SUPPLIED INFORMATION section start

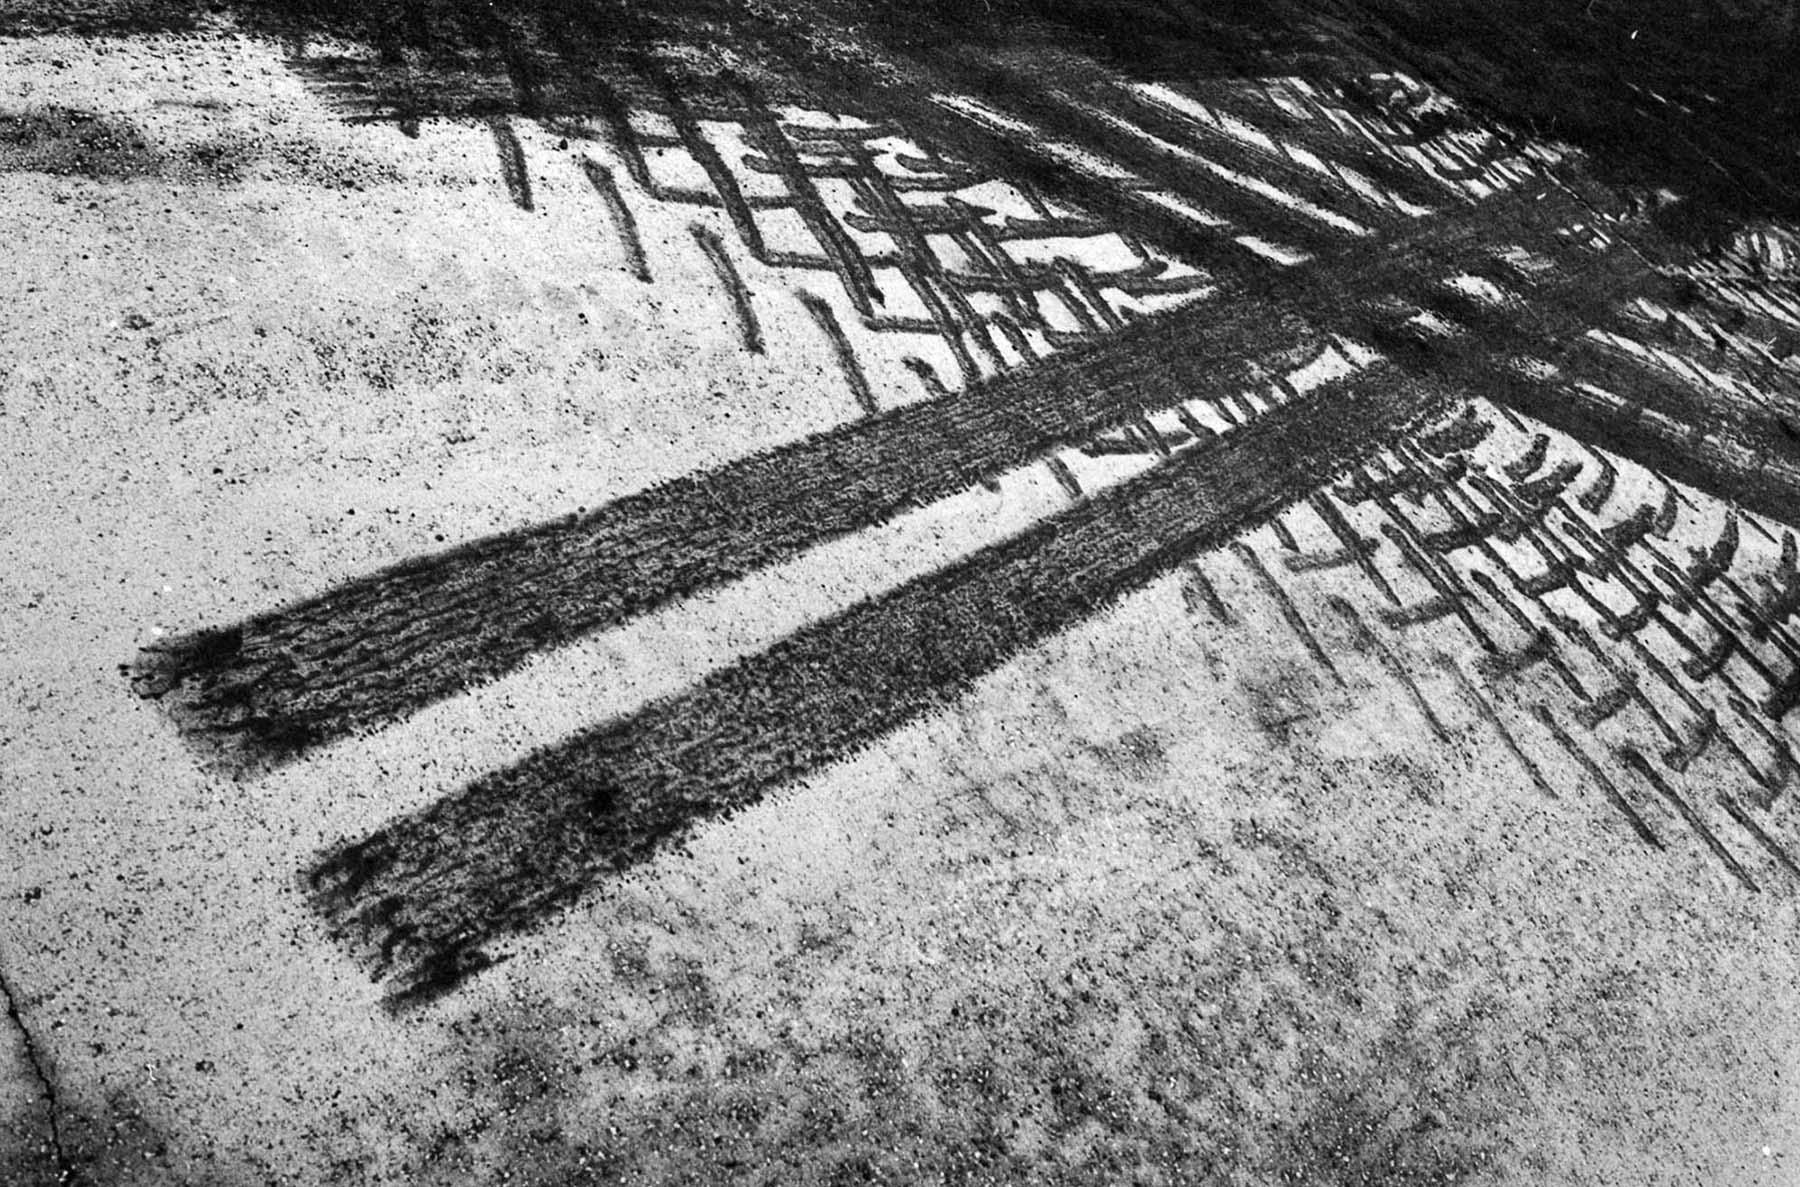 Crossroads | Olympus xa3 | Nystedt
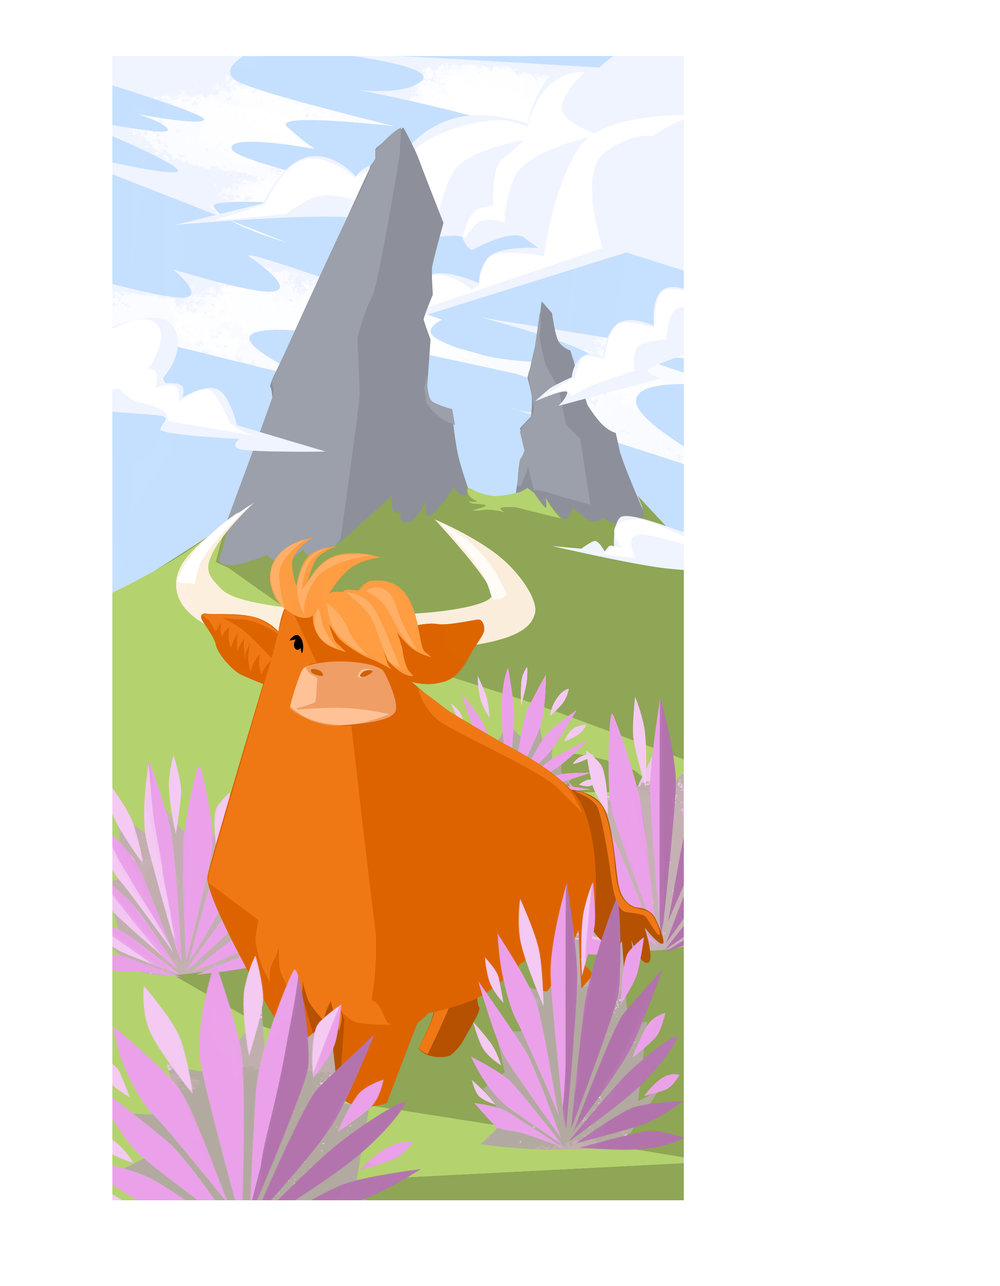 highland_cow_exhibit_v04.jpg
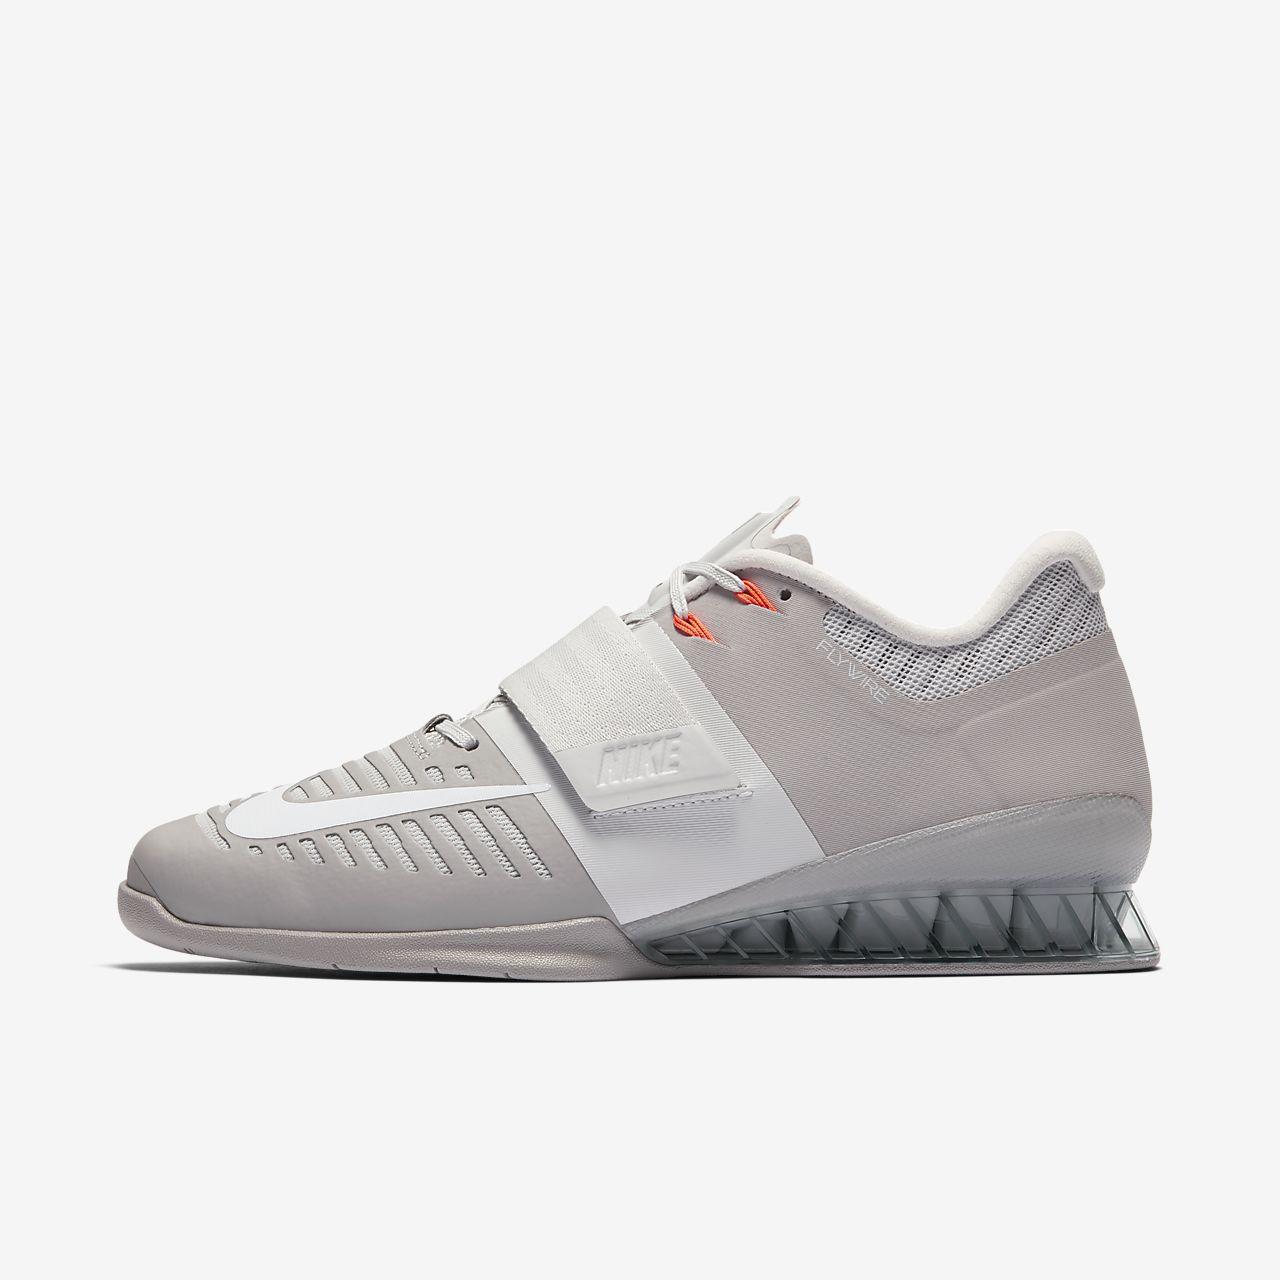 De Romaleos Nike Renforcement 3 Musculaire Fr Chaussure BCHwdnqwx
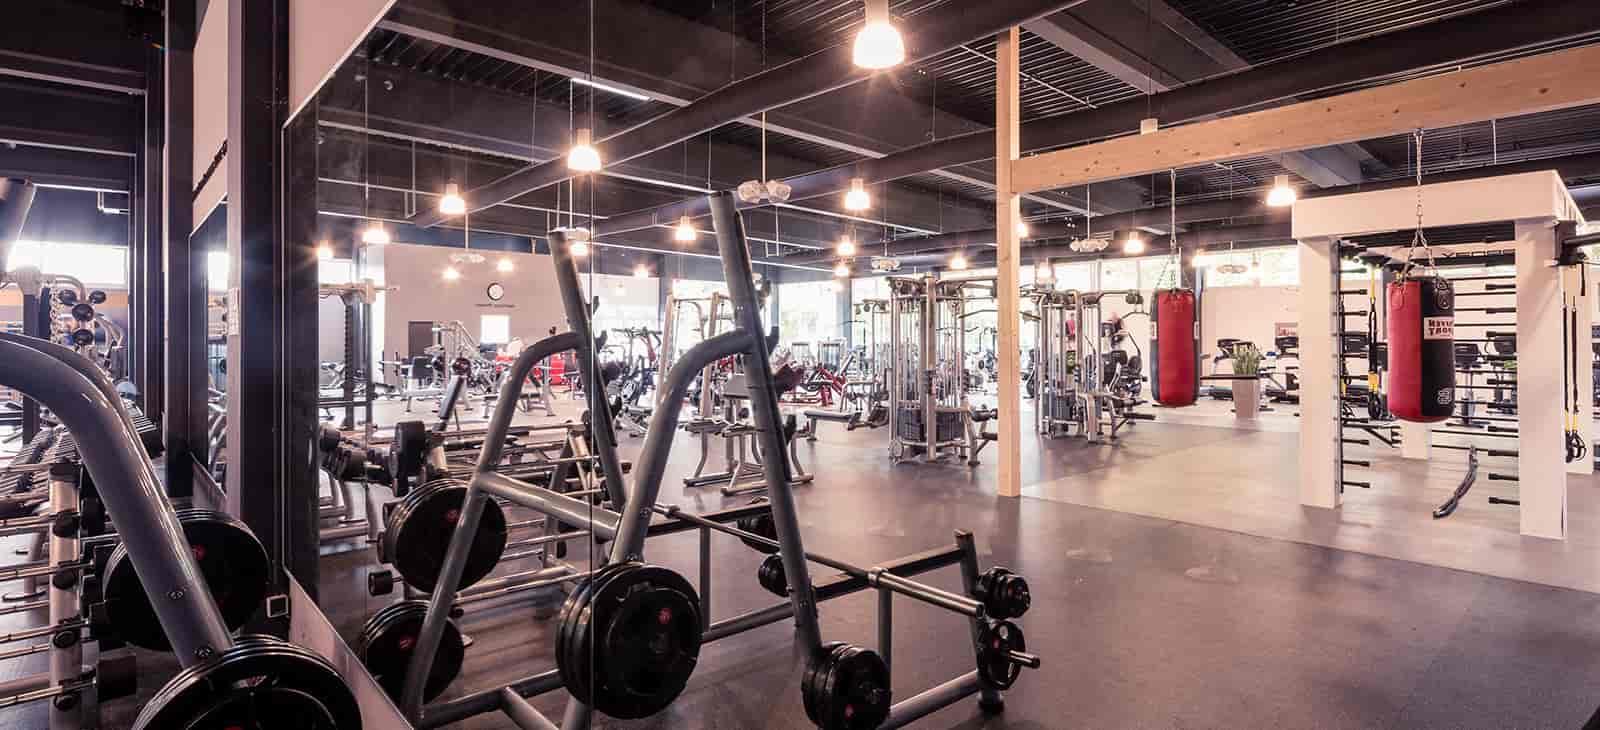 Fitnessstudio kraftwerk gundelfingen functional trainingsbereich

SUPPLIED INFORMATION section end

» THE PROBLEM
Give back the listing exactly, with the pictures removed.

» THE COMPLETED TASK
 Crossroads | Olympus xa3 | Nystedt
 highland_cow_exhibit_v04.jpg
 De Romaleos Nike Renforcement 3 Musculaire Fr Chaussure BCHwdnqwx
 Fitnessstudio kraftwerk gundelfingen functional trainingsbereich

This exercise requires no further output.